If you find yourself struggling with an eating disorder in midlife, don’t be ashamed.

Betsy Brenner, 58, of Barrington, Rhode Island, is the author of The Longest Match: Rallying to Defeat an Eating Disorder in Midlife. She developed an eating disorder in her mid-40s as a result of lingering childhood trauma combined with an asthma diagnosis in adulthood. Her return to high-level tennis led to unintentional and unnecessary weight loss. "I developed an intense fear of gaining weight," she says. "Then, asthma flare-ups made me feel anxious, depressed, and out of control," Brenner adds. "I started restricting my food intake." From there, she explains, the restriction grew into something she could no longer control.

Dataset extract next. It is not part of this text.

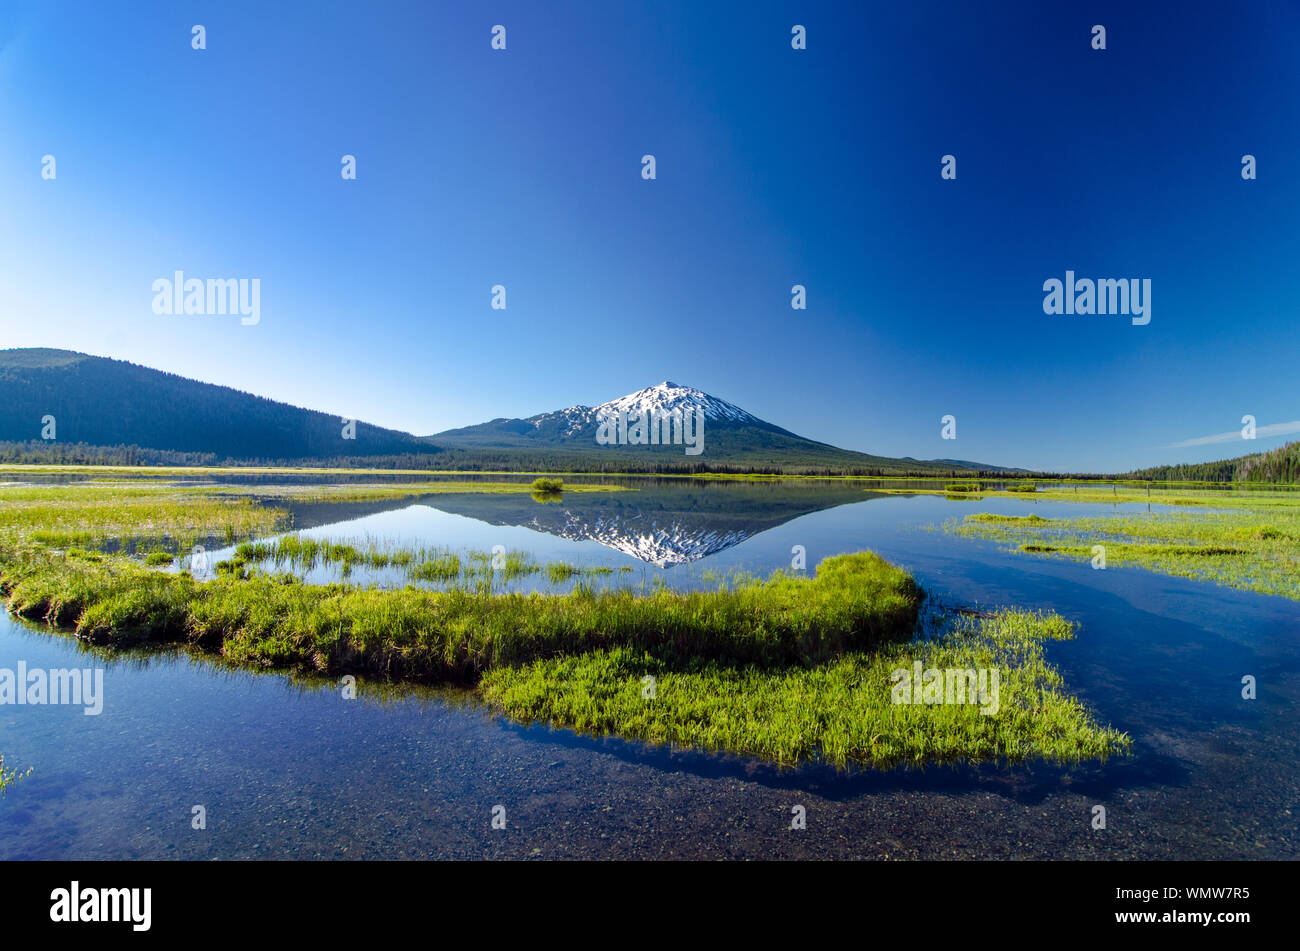 Scenic View Of Mt Bachelor And Sparks Lake Against Clear Blue Sky Stock Photo

Betsy worked with a nutritionist and did years of therapy to help her get back to having a healthy relationship with food. “If I can recover, anyone can recover. But there is no shortcut,” she says.

The stress Danielle Reitinger, 44, of Phoenixville, Pennsylvania felt following losing her family home to a fire in 2016 was the catalyst for an eating disorder in her late 30s. “It was by far my most serious and most stressful life event to date and what I believe pushed me over the edge,” she says. To feel in control, she says, she started restricting her caloric intake.

“I hit rock bottom and my husband and I separated,” she explains. “I knew I needed help when the pain of my life was too much…I just wanted to numb myself to sleep.”

She vowed to herself to get help, which, for her, came from reaching out to an eating disorder recovery center. “I wanted to be better, not for anyone else but me,” she says. “I deserved a life full of joy, and happiness too.”

Resources for Dealing with Disordered Eating

Don’t feel bad if you can’t fix this on your own, says Fatema Jivanjee-Shakir, L.M.S.W. of New York City. Jivanjee-Shakir explains that it’s important to receive a mental health and medical assessment to determine what type of support is best suited to your needs.

If you are currently struggling with disordered eating and looking for help, here are some steps to take:

Jivanjee-Shakir emphasizes that there is hope for anyone with an eating disorder. “Help is available for people of all ages,” she says. “Know that recovery is possible at any developmental life stage.”